Geek & Curt
Ever thought about automating our quarterly KPI reports with a lightweight Flask microservice and Celery workers to shave hours off the prep time?
Sure, but we need a clear data source, authentication, and a test plan first. Make sure the Flask service plugs into our existing BI stack, set up a schedule for the Celery workers, and monitor for failures. If you can lay out the specs, we can prototype and cut those prep hours.
Alright, here’s a quick specs draft:
1. Data source: Pull raw KPI tables from the SQL‑Server BI warehouse via a read‑only user. Use an ORM layer (SQLAlchemy) so the Flask app can query with simple model objects.
2. Auth: Wrap the Flask endpoints with OAuth2, using the company’s IdP. The service will request a short‑lived token, validate it on each call, and log the user for audit.
3. API: Expose a single GET /kpi‑summary endpoint that returns JSON. It accepts optional start/end dates; defaults to the last fiscal quarter.
4. Celery workers:
– Use Redis broker.
– Schedule a daily task at 02:00 UTC to pre‑compute the KPI summary for the previous day.
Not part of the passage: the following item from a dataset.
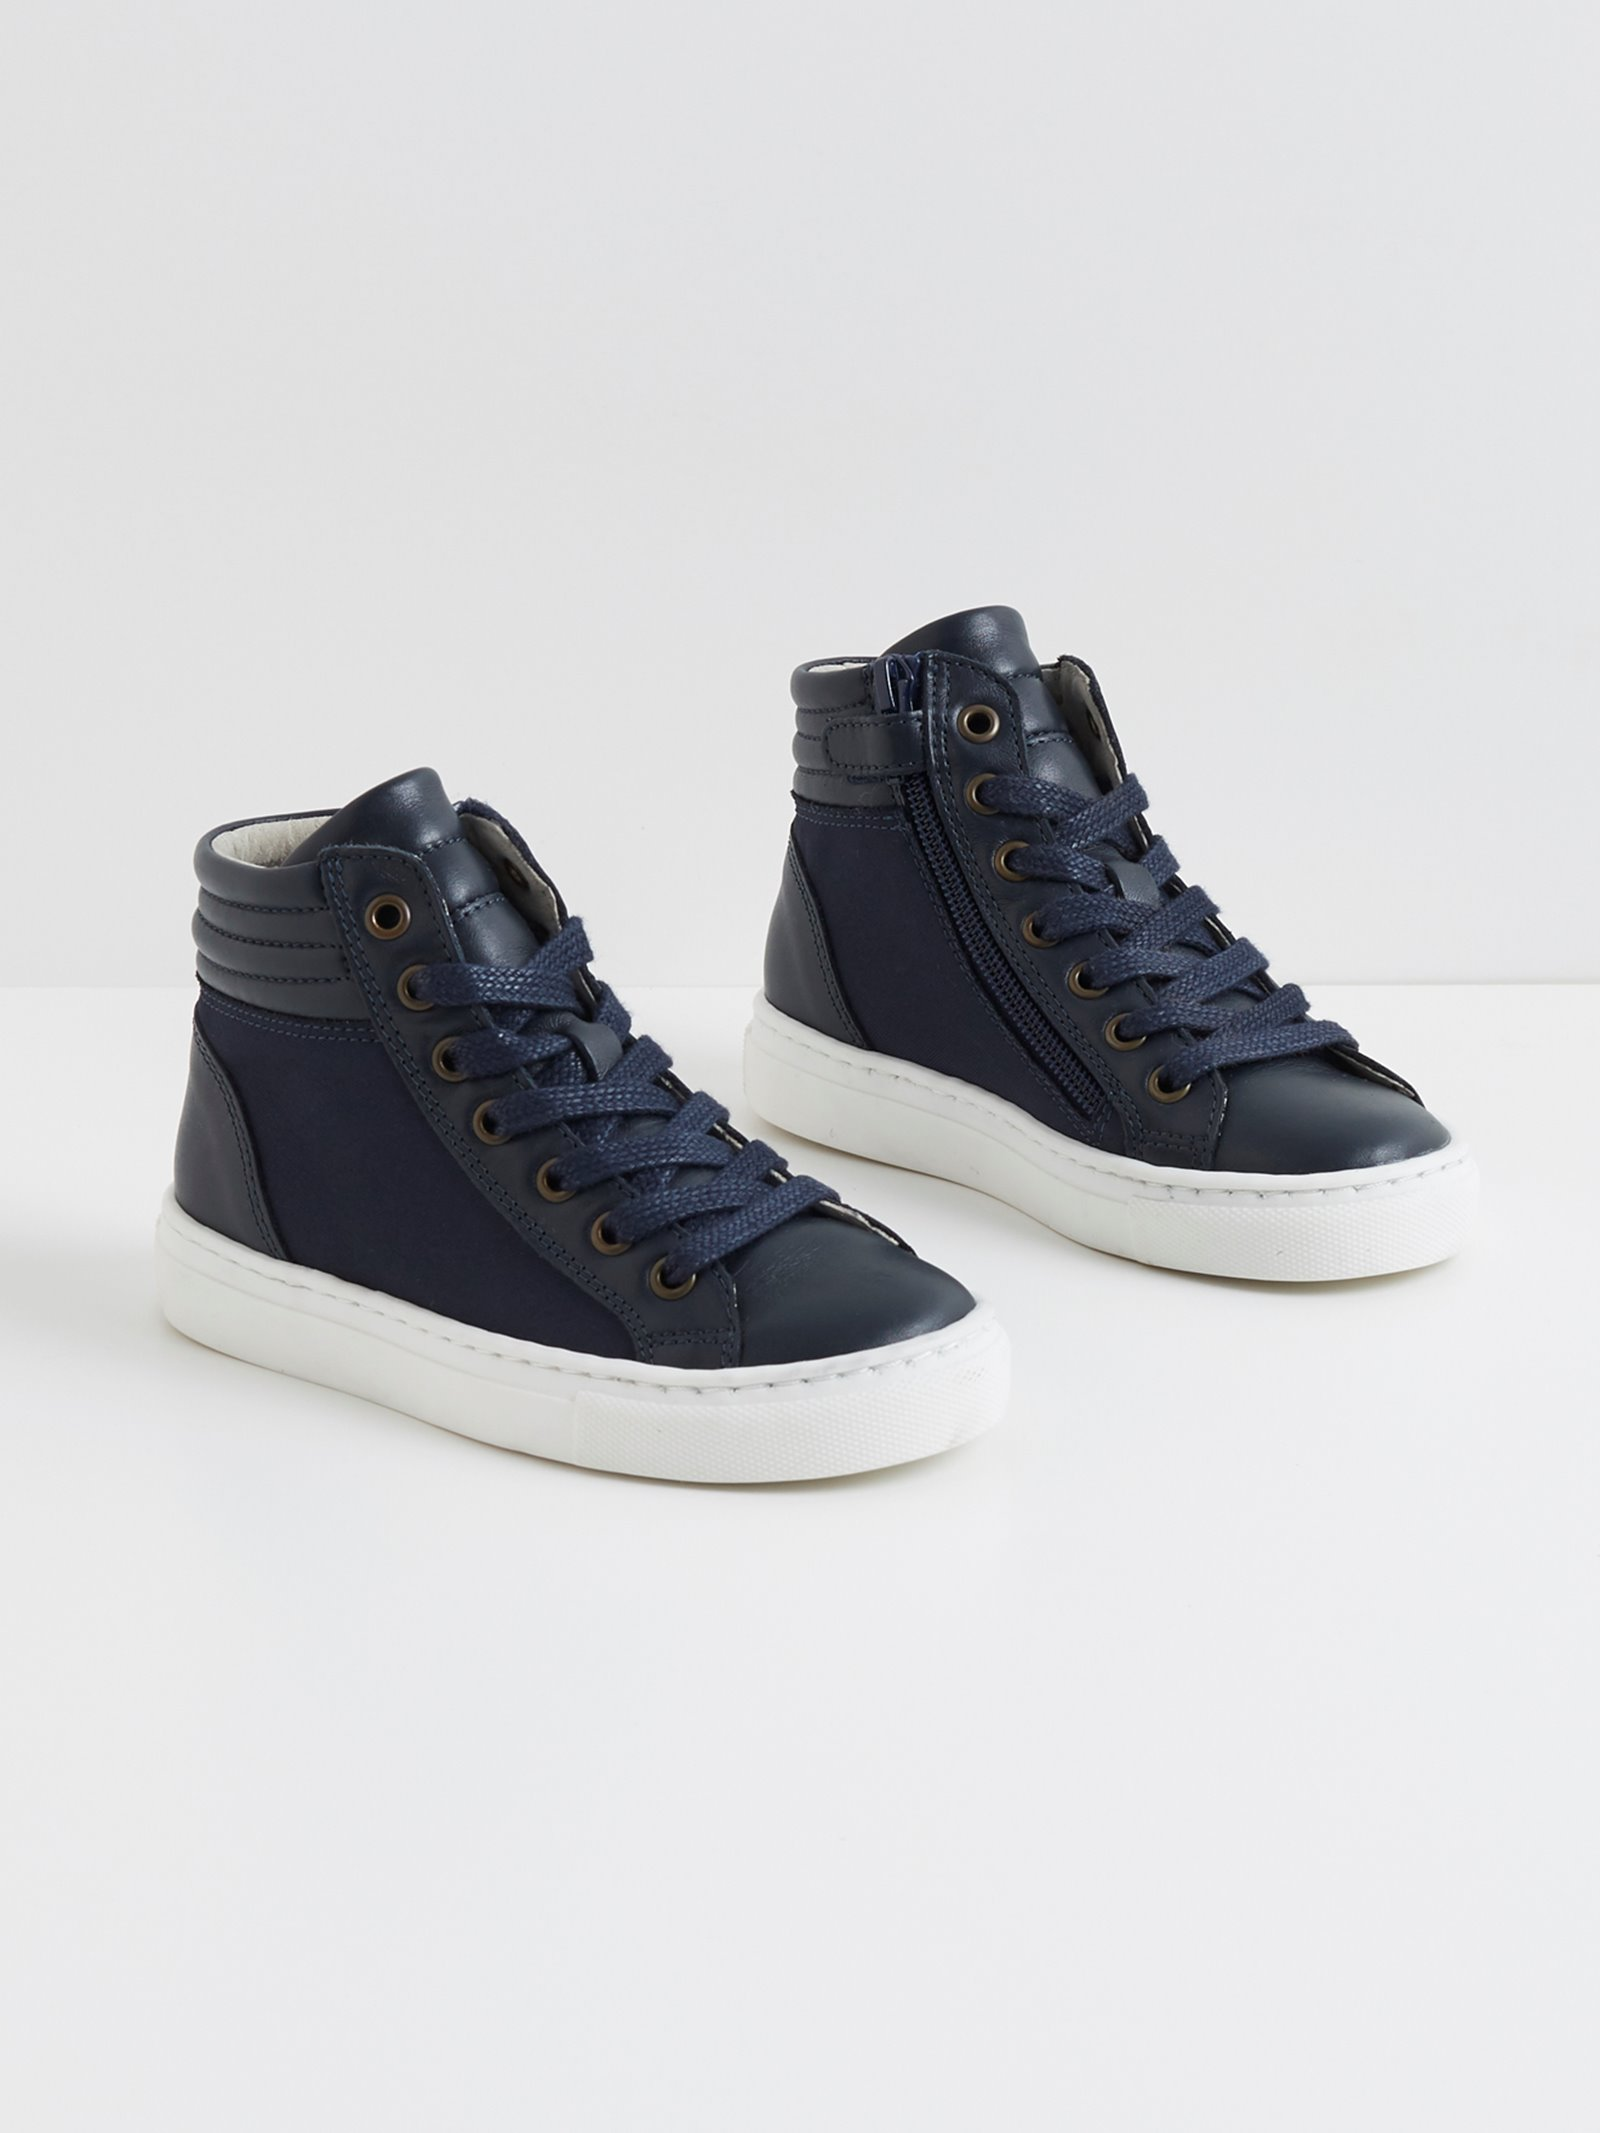 Chaussure de ville synonyme
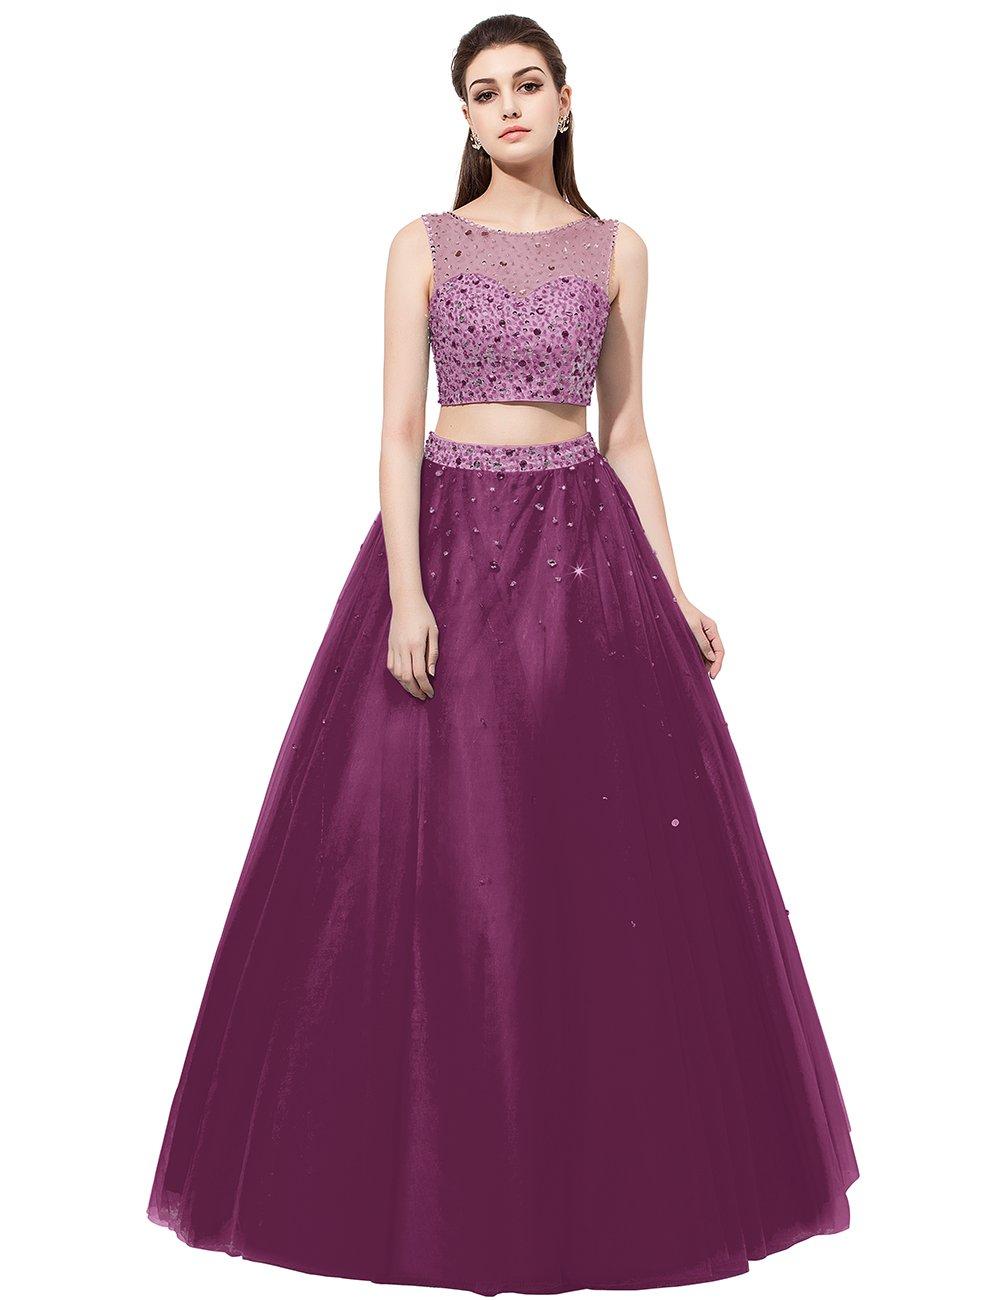 Dresstell 演奏会ドレス ステージドレス ビジュー付き ツーピースドレス 袖なし ビスチェタイプ 発表会ドレス カラーチュチュ 舞台ドレス B01MT5WQSX JP29W|葡萄色 葡萄色 JP29W

– Workers write results to a cache table in the BI warehouse.
5. Monitoring:
– Push Celery heartbeat to Prometheus.
– Alert on task failures, queue length > 10, or worker latency > 5 s.
– Log every API request/response with request ID, user, and processing time.
6. Test plan:
– Unit tests for Flask routes (mock DB).
– Integration tests: spin up a test DB, run Celery task, verify cache table.
– Load test: 100 concurrent GET /kpi‑summary calls, ensure 99.5% within 200 ms.
7. Deployment: Containerize with Docker, tag with version, push to registry, run with Docker‑Compose (Flask, Celery worker, Redis, Prometheus exporter).
If that lines up, I can start the repo skeleton and write the first route. Just let me know the DB credentials and the IdP details.
Looks solid. I’ll pull the read‑only DB credentials and IdP config from the secrets store. Give me a brief on the expected schema for the cache table and the field mapping for the KPI summary, and I can set up the ORM models. Once the repo skeleton is up, I’ll start the Flask route and write the unit tests. Let me know if the task queue needs any special retry logic.
Cache table schema:
- id BIGINT PRIMARY KEY auto‑increment
- kpi_id INT NOT NULL (FK to master KPI list)
- period_start DATE NOT NULL
- period_end DATE NOT NULL
- metric_value DECIMAL(18,4) NOT NULL
- generated_at TIMESTAMP DEFAULT CURRENT_TIMESTAMP
KPI summary fields (JSON returned by /kpi‑summary):
- kpiId (int) → kpi_id
- period (object) with startDate/endDate (dates) → period_start, period_end
- value (float) → metric_value
- source (“BI_warehouse”) and timestamp (generated_at)
Retry logic: Celery should retry failed KPI jobs up to 5 times with exponential backoff (2, 4, 8, 16, 32 s). If still failing, flag in the cache table with a status column (0=ok, 1=error) and send an alert to Slack. That should keep the queue sane. Let me know if you need a more granular breakdown.
Got it. I'll add the status column to the cache table, set up the retry policy in Celery, and hook a Slack webhook for alerts. Once the repo skeleton is ready, drop the credentials in the vault and we can spin up the container stack. Let me know if you want the route to support pagination or filtering beyond dates.